Mitigating LLM Hallucination via Behaviorally Calibrated Reinforcement Learning

The deployment of Large Language Models (LLMs) in critical domains is currently impeded by the persistent phenomenon of hallucination—the generation of plausible but factually incorrect assertions. Standard RLVR paradigms, which predominantly utilize binary reward signals, inadvertently incentivize models to function as ''good test-takers'' rather than ''honest communicators''. In this paper, we introduce an alternative reward for behavioral calibration, which trains a model via reinforcement learning to output calibrated probabilities of correctness and to abstain when these probabilities fall below a user-specified risk threshold.

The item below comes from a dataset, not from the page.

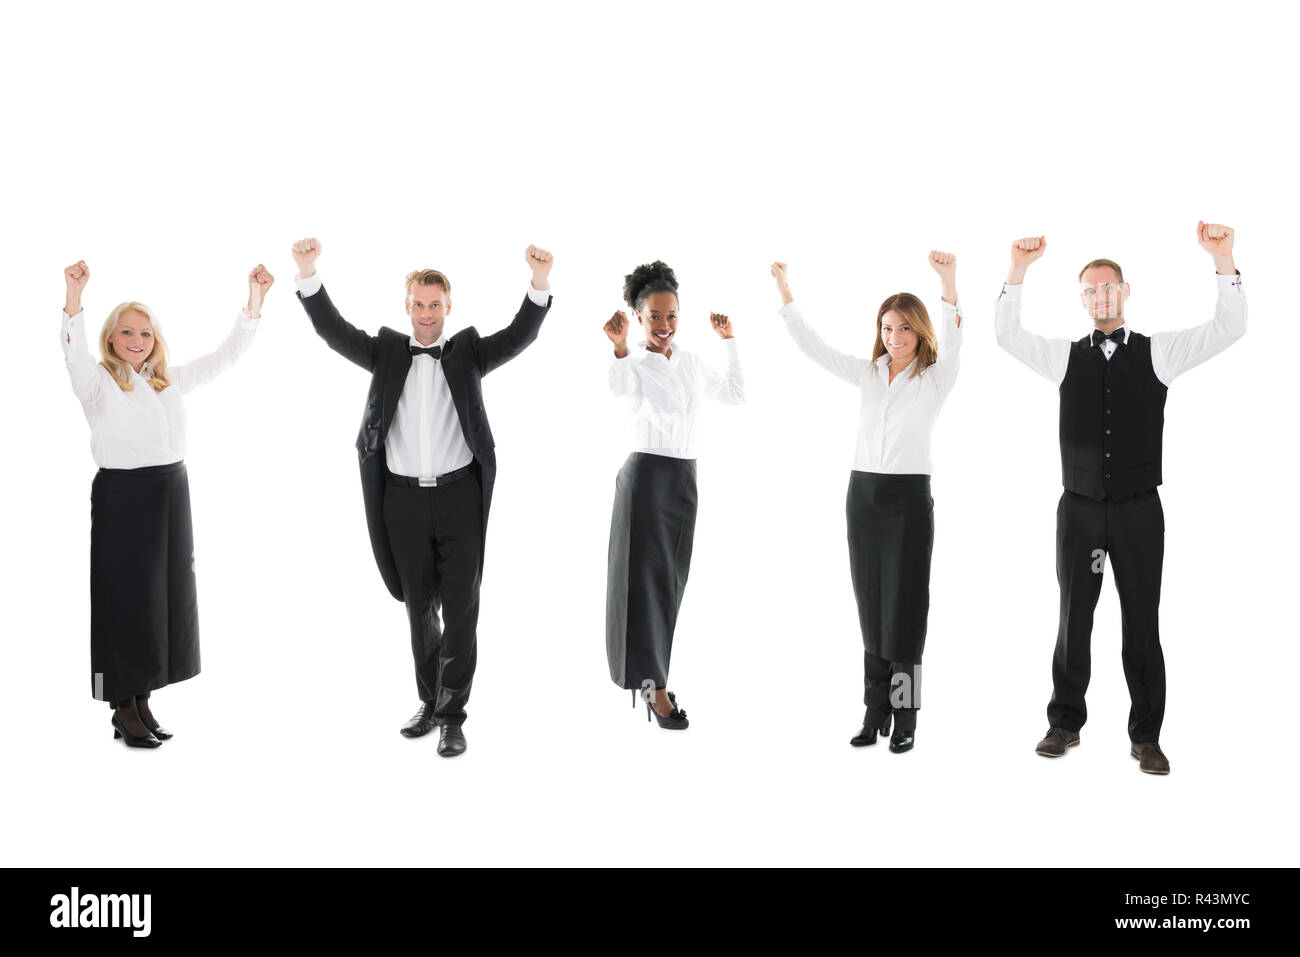 Happy Waiter And Waitresses Standing With Arms Raised Stock Photo

The model can either abstain from producing a complete response or flag individual claims for which uncertainty remains. Our approach allows a 4B-parameter model to surpass frontier models in hallucination mitigation, which we demonstrate as a transferable meta-skill that can be decoupled from raw predictive accuracy. When trained on mathematical reasoning tasks, our model achieves a log-scale gain of 0.806 in the Accuracy-to-Hallucination Ratio by rejecting uncertain responses, substantially exceeding GPT-5 (0.207) on the challenging BeyondAIME benchmark. When applied at the claim level, our approach further surpasses Gemini-2.5-pro on the same metric. Moreover, the hallucination mitigation capability generalizes to cross-domain factual QA.